When choosing an ensemble method for a real project, consider the following guidelines. Bagging (especially Random Forest) is excellent when your primary concern is overfitting with complex models. Boosting methods are the go-to choice for tabular data where squeezing out every fraction of a percent of accuracy matters. HistGradientBoostingClassifier should be your default boosting choice for any dataset larger than a few thousand rows due to its speed advantage and support for missing values and categorical features. Stacking is worth trying when you already have several well-tuned models and want to see if combining them yields additional gains. Voting is the simplest combination technique and works best when your models are already diverse and roughly equal in performance.

Key Takeaways

Bagging reduces variance: Methods like Random Forest train multiple instances of the same model on bootstrap samples and average their predictions. This works well with complex, high-variance models like fully developed decision trees.
Boosting reduces bias: Sequential methods like AdaBoost, Gradient Boosting, and HistGradientBoosting correct errors made by prior models. They work well with weak learners and are among the top performers on tabular datasets.
HistGradientBoosting is the modern default: For datasets with 10,000+ samples, HistGradientBoostingClassifier and HistGradientBoostingRegressor provide dramatically faster training, built-in missing value support, native categorical feature handling, monotonic constraints, and quantile regression for prediction intervals.
Stacking combines model diversity: By training a meta-learner on the outputs of several different base models, stacking can capture complementary patterns that no single model would find alone.
Voting is the simplest ensemble: Use VotingClassifier with voting='soft' for a quick, low-effort way to combine multiple classifiers. Soft voting outperforms hard voting by incorporating prediction confidence.
Ensembles are not guaranteed improvements: There are cases where an ensemble produces lower accuracy than an individual model. Always validate ensemble performance against your best single model using proper cross-validation.

Ensemble methods represent one of the most reliable strategies for building production-grade machine learning systems.
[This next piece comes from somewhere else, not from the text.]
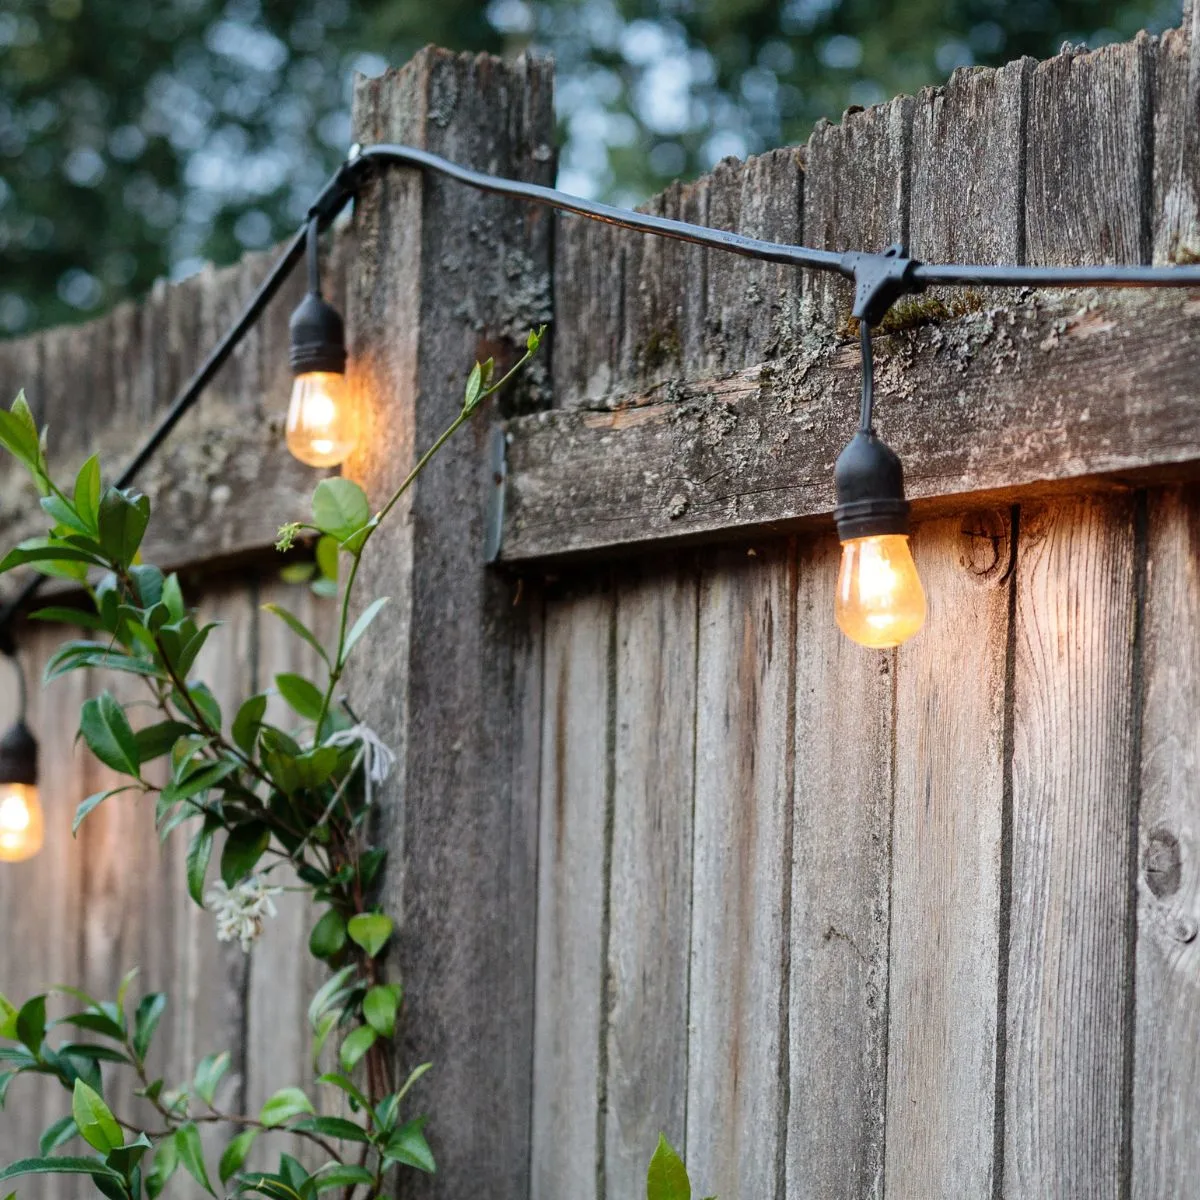 String lights running at the top of a backyard fence.

Whether you start with a simple voting classifier or move to a fully stacked pipeline, the patterns covered in this article give you the tools to combine models effectively using scikit-learn's sklearn.ensemble module. The key is to match your ensemble strategy to your data and your goals: reduce variance with bagging, reduce bias with boosting, or leverage model diversity with stacking and voting.